The local BGEN fixture stores phased BGEN v1.2+ Layout 2 biallelic diploid dosage records. genoio collapses haplotype probabilities to expected diploid A1 dosage.

Scenario Median Notes
matrix-only 0.0532 s Reads only the dosage matrix.
with variants 0.0699 s Adds variant metadata.
sample-filtered 0.0471 s Reads half the samples.
genotype-filtered 0.3102 s Computes dosage-based stats before returning variants.
indexed-region 0.0627 s Uses a same-path .bgen.bgi index.

At 10,000 variants, BGEN matrix-only median time was 0.6285 s.

A previous direct matrix-only comparison against bgen_reader/cbgen produced:

Variants genoio median bgen_reader/cbgen median
1,000 0.1175 s 0.1603 s
10,000 1.1968 s 1.1133 s

Benchmark Data¤

The benchmark scripts default to data/chr22_hg38. That directory is a local 1000 Genomes-derived fixture and is not distributed with the repository.

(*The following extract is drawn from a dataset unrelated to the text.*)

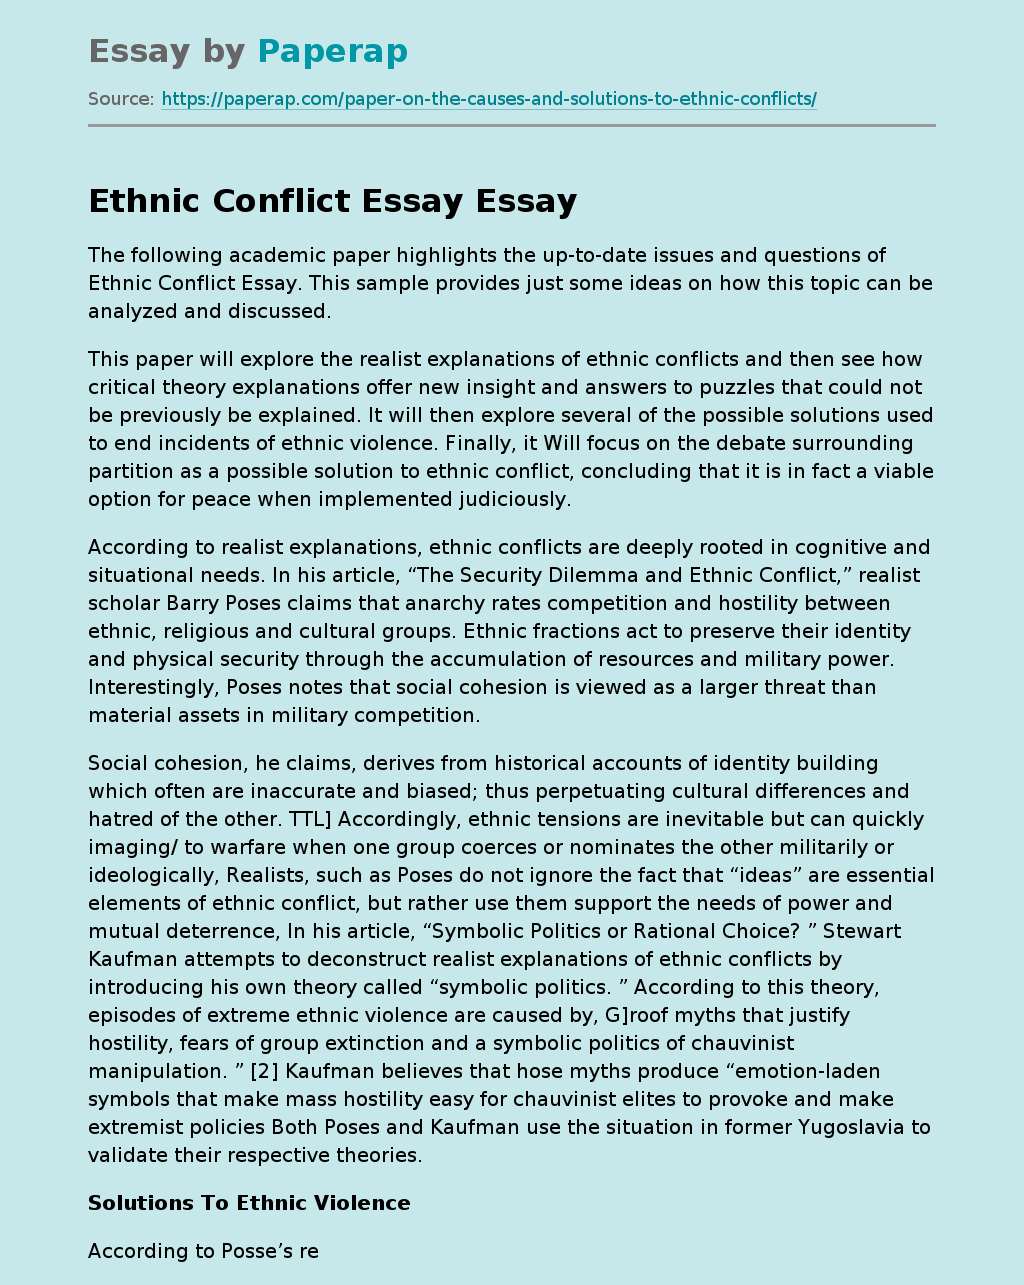 Solutions To Ethnic Violence

The fixture starts from the PLINK 2 1000 Genomes phase 3 hg38 resources. Chromosome 22 PLINK2 files are used as the source, then converted with plink2 to VCF and PLINK1. This keeps format comparisons focused on reader behavior rather than differences in samples or variants.

Run Local Benchmarks¤

Build the Rust extension in release mode first:

make build-release

Then run the relevant benchmark:

python scripts/benchmark_vcf.py --max-variants 1000 --repeats 3
python scripts/benchmark_plink1.py --max-variants 1000 --repeats 3
python scripts/benchmark_plink2.py --scenario all --max-variants 1000 --repeats 5
python scripts/benchmark_plink2.py --scenario matrix-only --max-variants 10000 --repeats 5 --no-compare

For BGEN:

python scripts/benchmark_bgen.py --scenario all --max-variants 1000 --repeats 5
python scripts/benchmark_bgen.py --scenario matrix-only --backend both --max-variants 1000 --repeats 5
python scripts/benchmark_bgen.py --scenario indexed-region --region 22:20000000-21000000 --max-variants 1000 --repeats 5

Optional comparison packages are used when installed:

  • cyvcf2 for VCF
  • pandas_plink for PLINK1
  • pgenlib for PLINK2
  • bgen_reader for BGEN

What Affects Speed¤

Matrix-only reads are fastest because genoio can skip metadata work that the caller did not request. Returning variants costs more, but it keeps matrix columns interpretable.

Metadata filters are cheaper than genotype filters because they can run before matrix decoding. Region filters on indexed compressed VCF/BCF sources and BGEN sources with a same-path .bgen.bgi index can also skip unrelated records.